A Proud Partnership- Mission Blue Applauds IUCN’s Motion to Protect 30% of the Ocean By 2030!
“Planet at the Crossroads” was the theme at this year’s World Conservation Congress. Organized by the International Union for the Conservation of Nature (IUCN), leaders took bold steps in confirming recommendations for 30% marine protection by 2030. Over 180 countries and 700 conservation groups were represented.
Motion 53 came one week following President Obama’s historical expansion of Papahānaumokuākea Marine National Monument. Countries are now being urged to designate this as a minimum for Marine Protected Areas (MPAs). Building fuller sustainability would include the reduction of at least 30% “extractive” activities including fishing, mining, and drilling.
Pew Charitable Trusts outlines some of the ways in which this might be accomplished:
- States committing to designate at least 30 percent of their national waters as MPAs by 2030;
- States engaging constructively in establishing MPAs in areas beyond national jurisdiction, through the development of a new global instrument under the United Nations Convention on the Law of the Sea and through the adoption of new and existing proposals at the Commission for the Conservation of Antarctic Marine Living Resources; and
- IUCN State Members calling on the CBD Secretariat to initiate the process for achieving a post-Aichi target of 30 percent of coastal and marine areas fully protected by 2030.
Warming Seas
“Ocean warming may well turn out to be the greatest hidden challenge of our generation”, indicates Dan Laffoley, Marine Vice Chair of the World Commission on Protected Areas at IUCN and Mission Blue Board Member. A new IUCN report led by Laffoley illuminates the impacts of ocean warming on ecosystems and species, and on the every-day benefits derived from the ocean- it’s ‘goods and services’. Protecting 30% of the ocean ensures resiliency to a changing climate.
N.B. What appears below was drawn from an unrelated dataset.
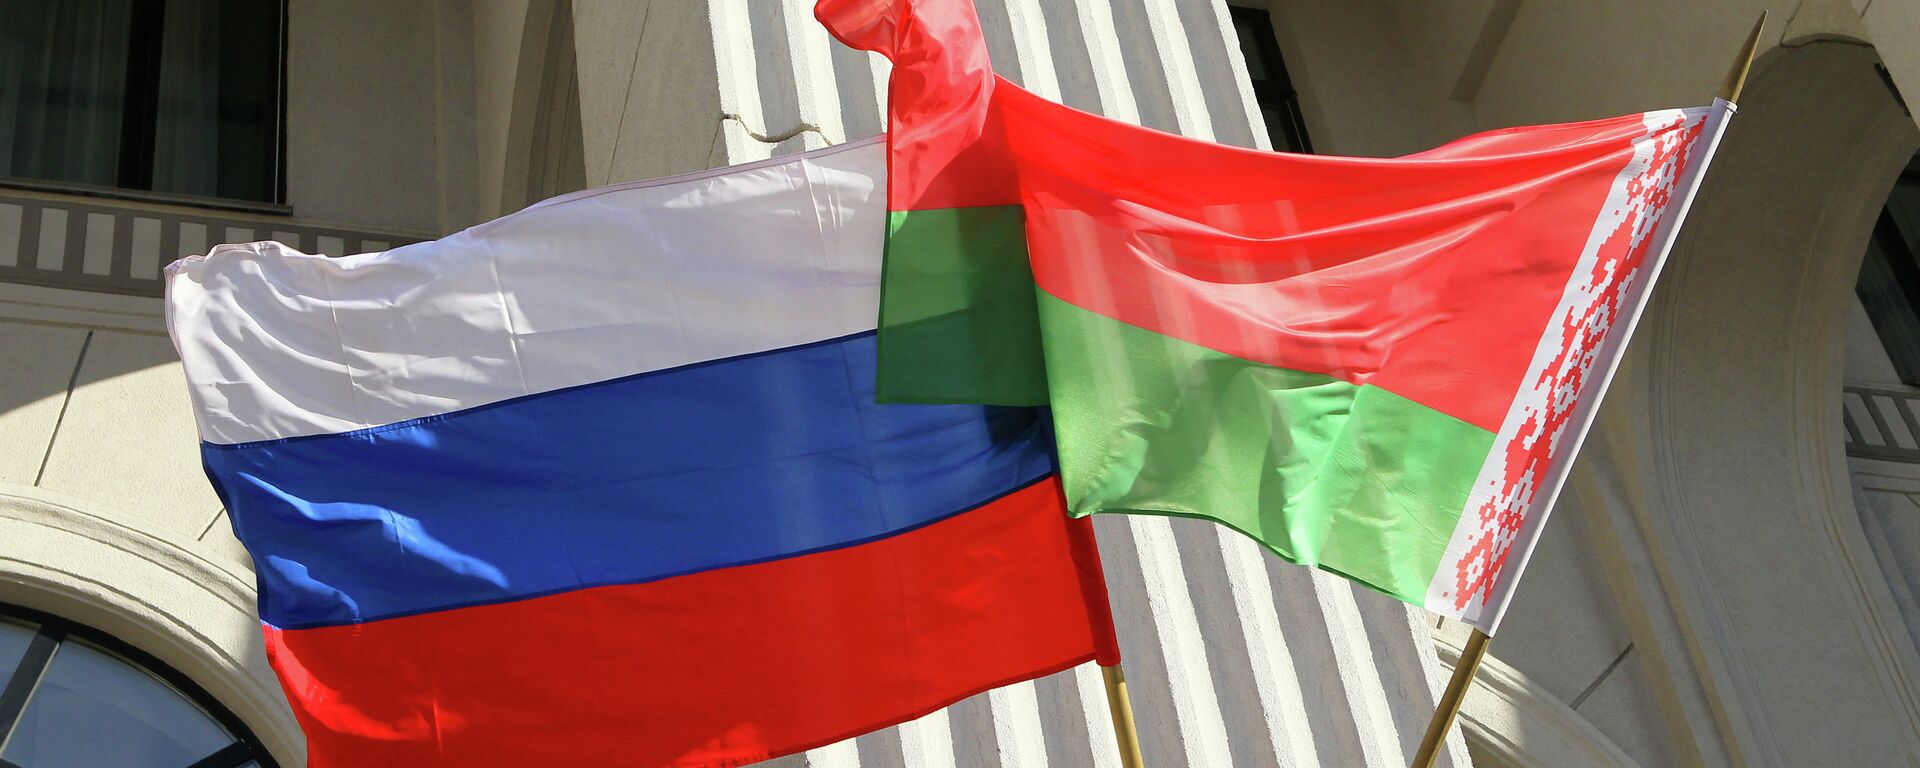 Beloruska i ruska zastava - Sputnik Srbija, 1920, 03.06.2021

The new ocean protection goal marks a celebrated achievement towards a growing movement to conserve valuable marine biodiversity. Mission Blue and countless other ocean organizations advocated for the passage of this important motion. Over the past year, citizens and organizations across the planet have nominated marine environments especially deserving of protection – known as Hope Spots – for review by Mission Blue and IUCN. After rigorous scientific vetting and policy analysis, we recently announced the names of 14 new Hope Spots, which came directly from a concerned global community calling out for more ocean protection.
By allowing citizens to elect their own Hope Spots, Mission Blue and IUCN hope to meet the 30% goal of igniting broad public support for a global network of marine protected areas large enough to protect and restore the ocean’s health.